Paragraph 1 of Article 610 of the Tax Code. We believe it is necessary to calculate the state duty of 1% of 20,000,000 tenge, which amounted to 200,000 tenge.

        Based on the above and in accordance with Articles 152 and 279 of the Civil Procedure Code of the Republic of Kazakhstan and Article 402 of the Civil Code of the Republic of Kazakhstan,

I ask the Court:

· M.A.M.'s application to A.B.K. for invalidation of the purchase agreement should be left without consideration and/or returned.

 

On February 18, 2025, No. 5143-25-00-2/46, Judge of the Maktaaralsky District Court of the Turkestan region, E. Slambekov, under the secretary of the court session, M. Amangeldiev, considered in a preliminary open court hearing a civil case on the claim of M.A.M. to A.B.K. for the cancellation of the contract of sale,

This claim has been accepted for court proceedings, and a civil case has been initiated.

The representative of the defendant, G.T. Sarzhanov, filed an application for leaving the civil case without consideration, due to the possibility of applying a pre-trial settlement of the dispute and the possibility of applying this procedure has not been lost.

According to paragraph 1) of Article 279 of the Civil Procedure Code of the Republic of Kazakhstan (hereinafter referred to as the CPC), the court leaves the claim without consideration if the plaintiff fails to comply with the pre–trial dispute settlement procedure established by law for this category of cases or stipulated by the contract and the possibility of applying this procedure is not lost.
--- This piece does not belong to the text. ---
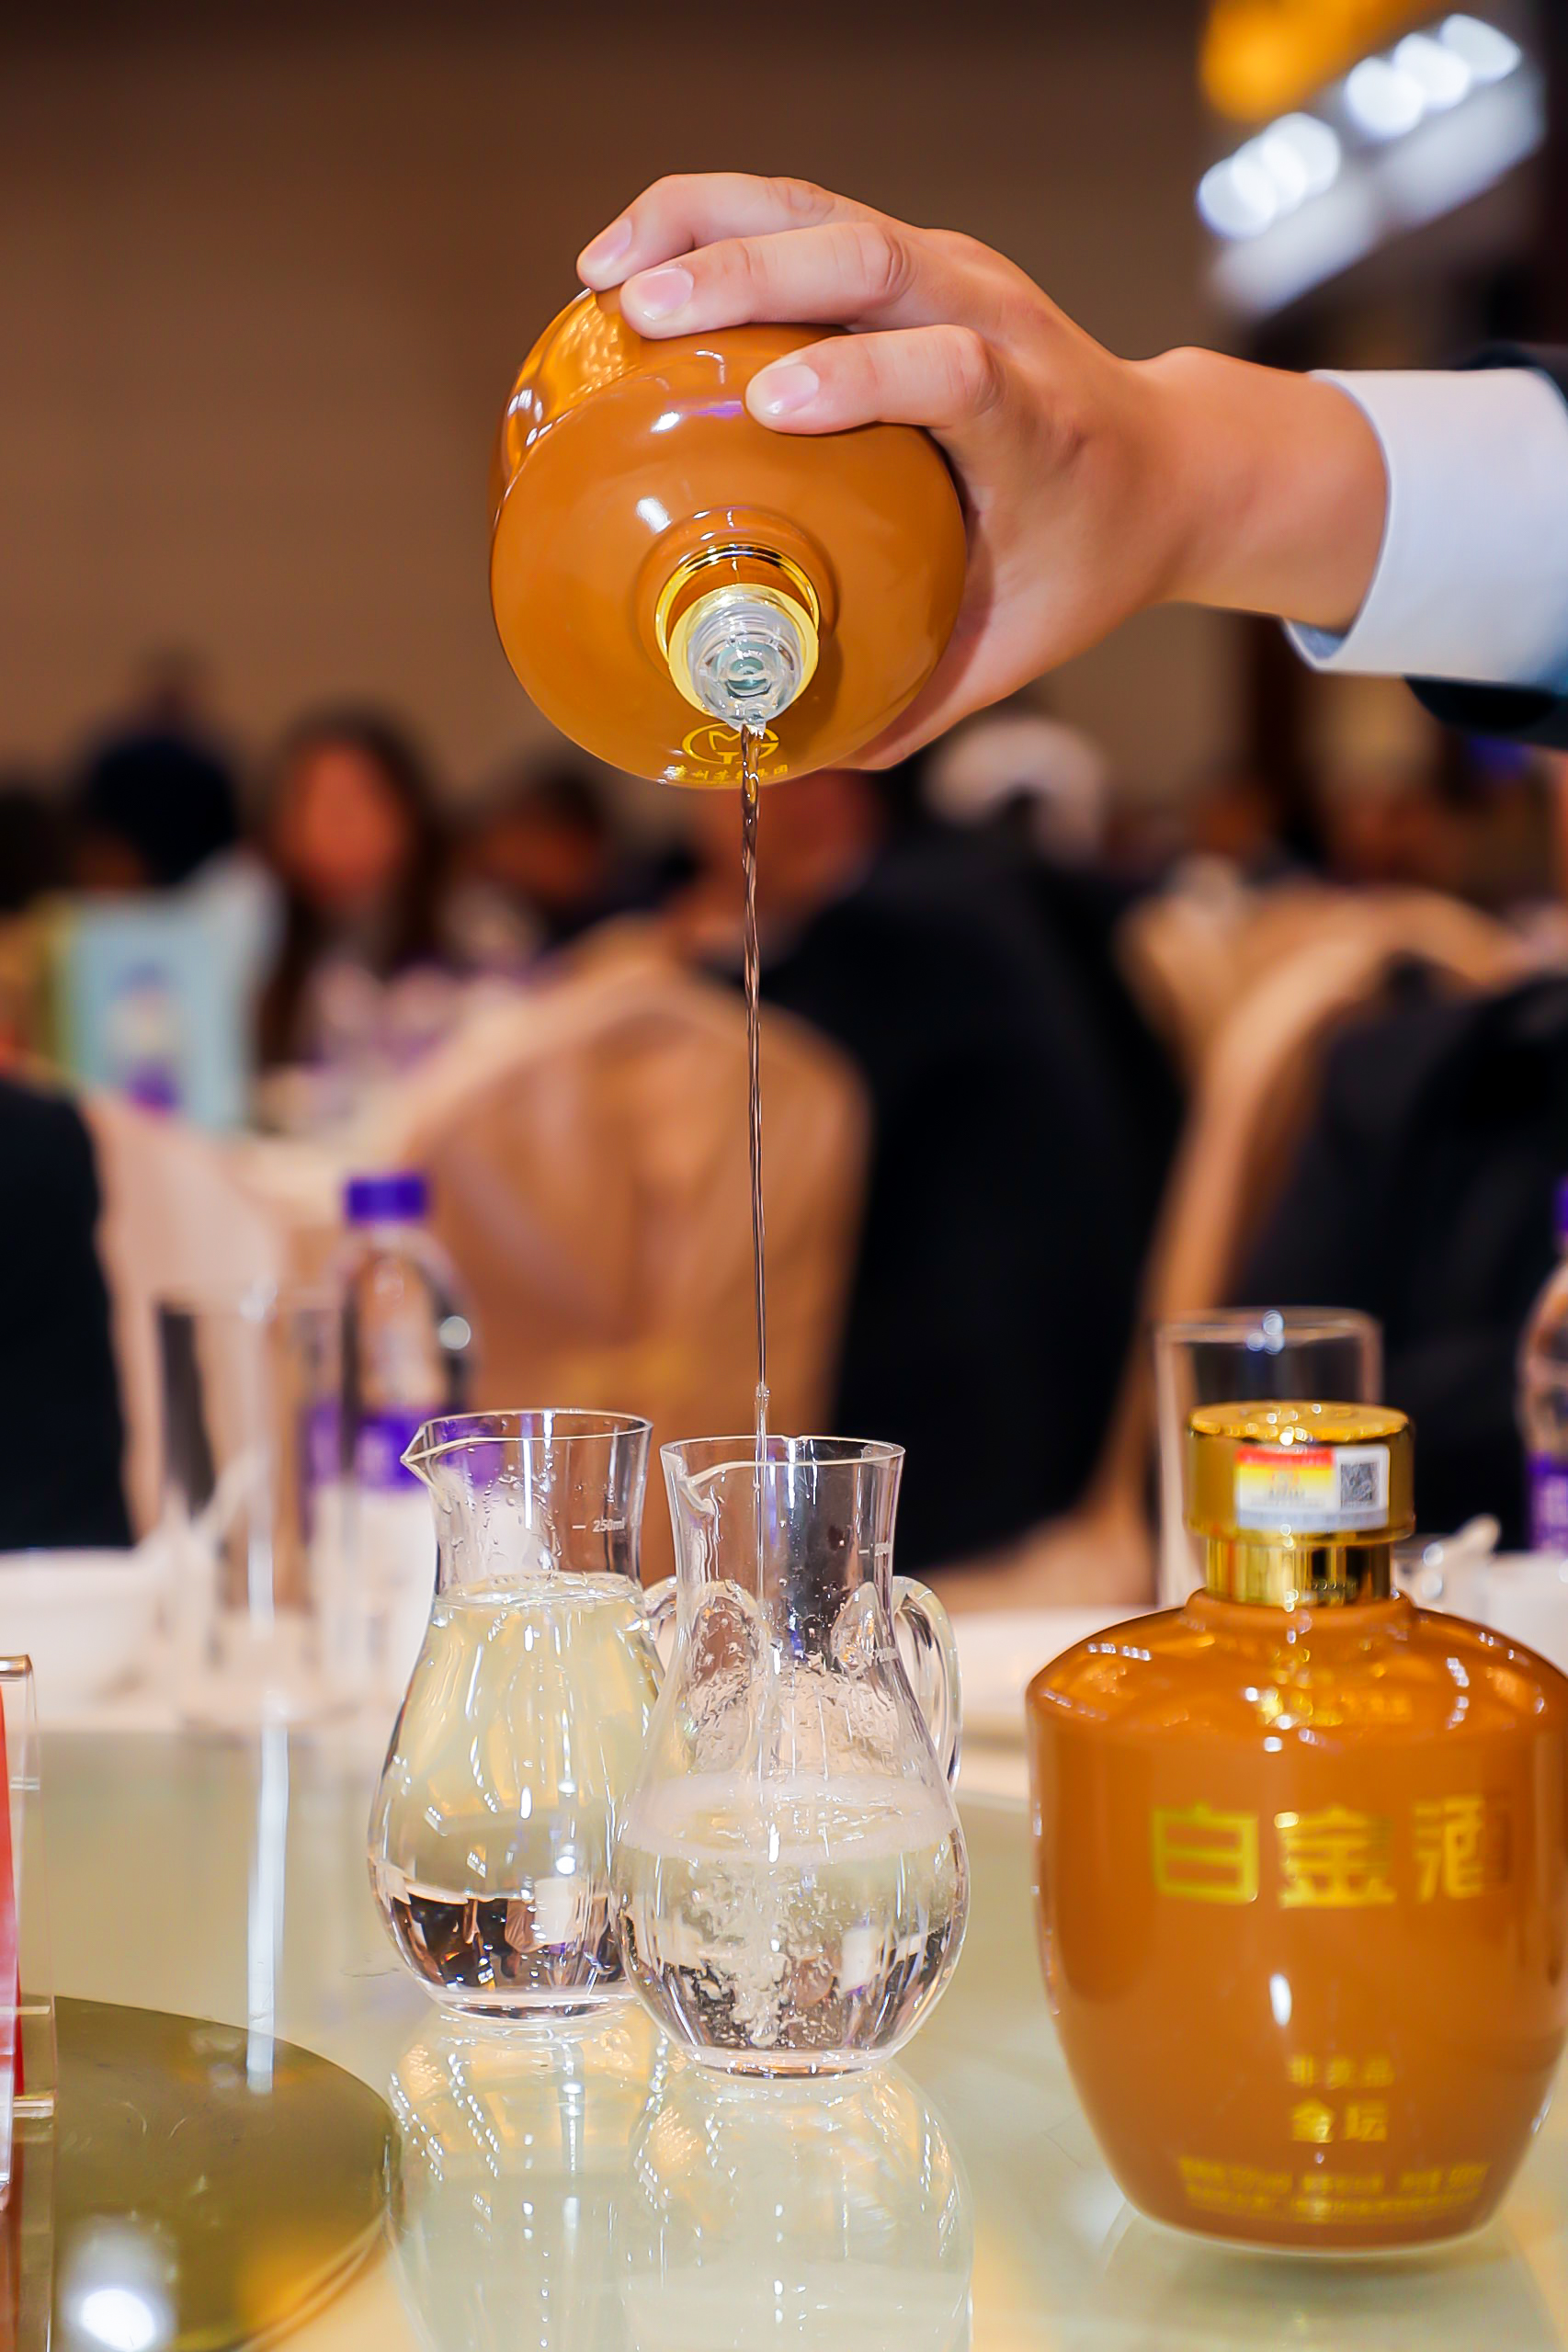 弘扬酱香文化 提升品酒技能 2019白金酒杯全国品酒大赛在京隆重举办
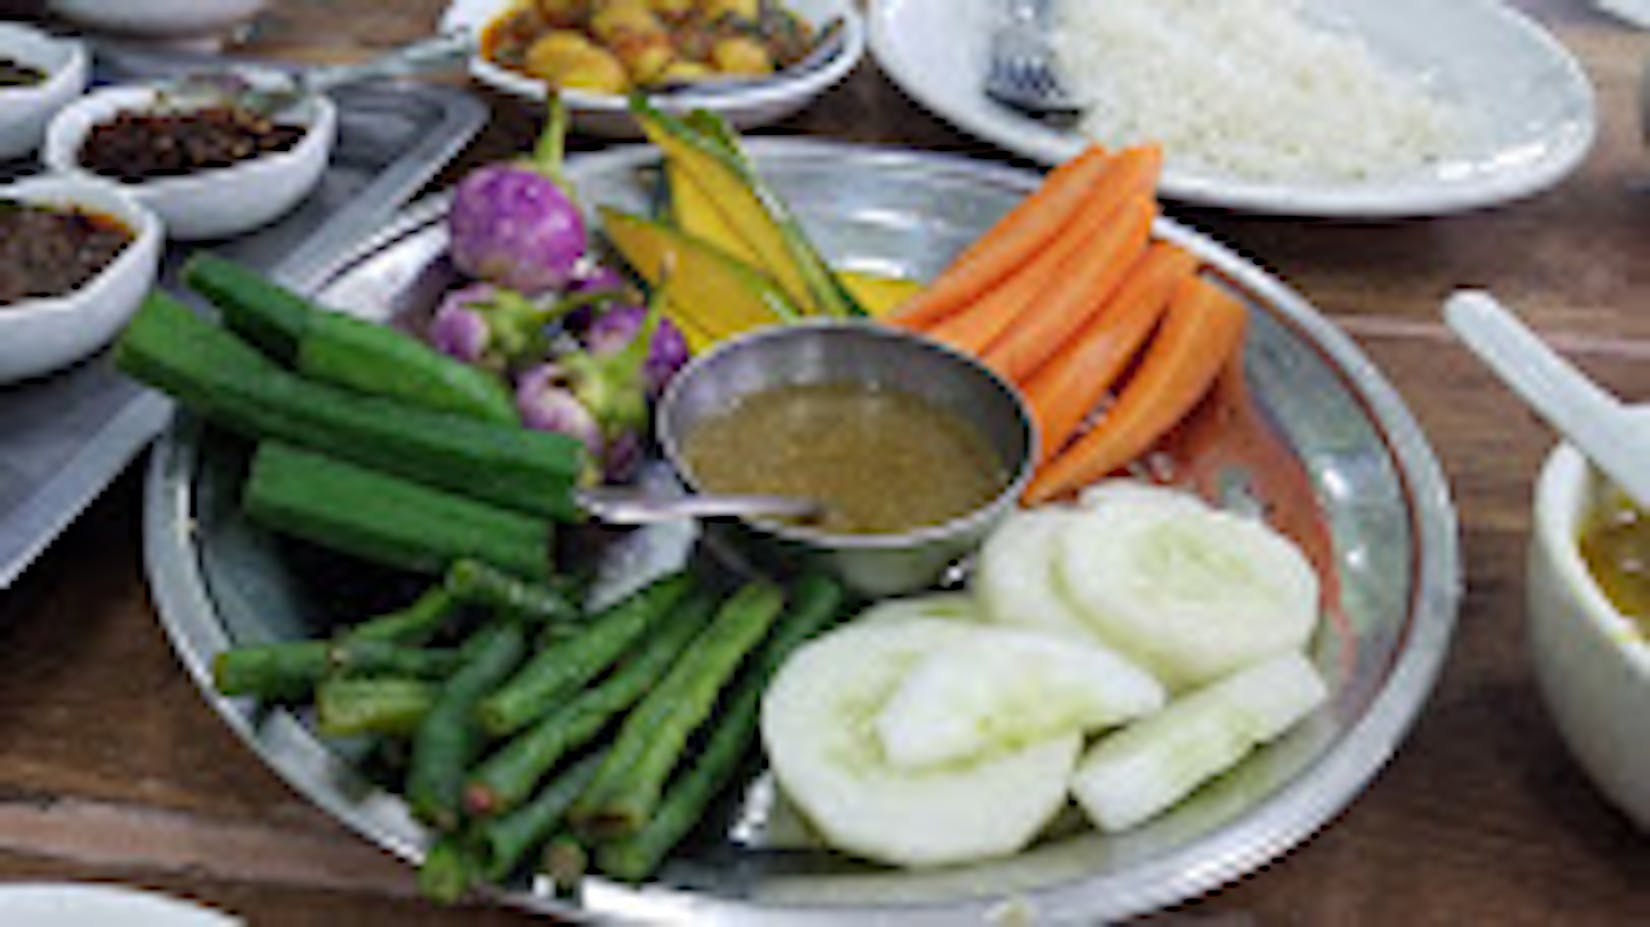 Shwe Ohm Pin Myanmar Food | yathar

In such circumstances of the case, the court, having examined the case materials, concludes that the claim has been dismissed.

Based on the above, guided by Articles 279 (1), 280, 268, 269 of the CPC, the court DETERMINED:

The claim of M.A.M. to A.B.K. for the cancellation of the contract of sale should be left without consideration.

To refund the state registration fee paid by the plaintiff M.A.M., dated January 16, 2025 in the amount of 52,820 (fifty-two thousand eight hundred and twenty) tenge.

To clarify to the parties that leaving a claim without consideration does not prevent a second appeal to the court with a claim against the same defendant, on the same subject and on the same grounds.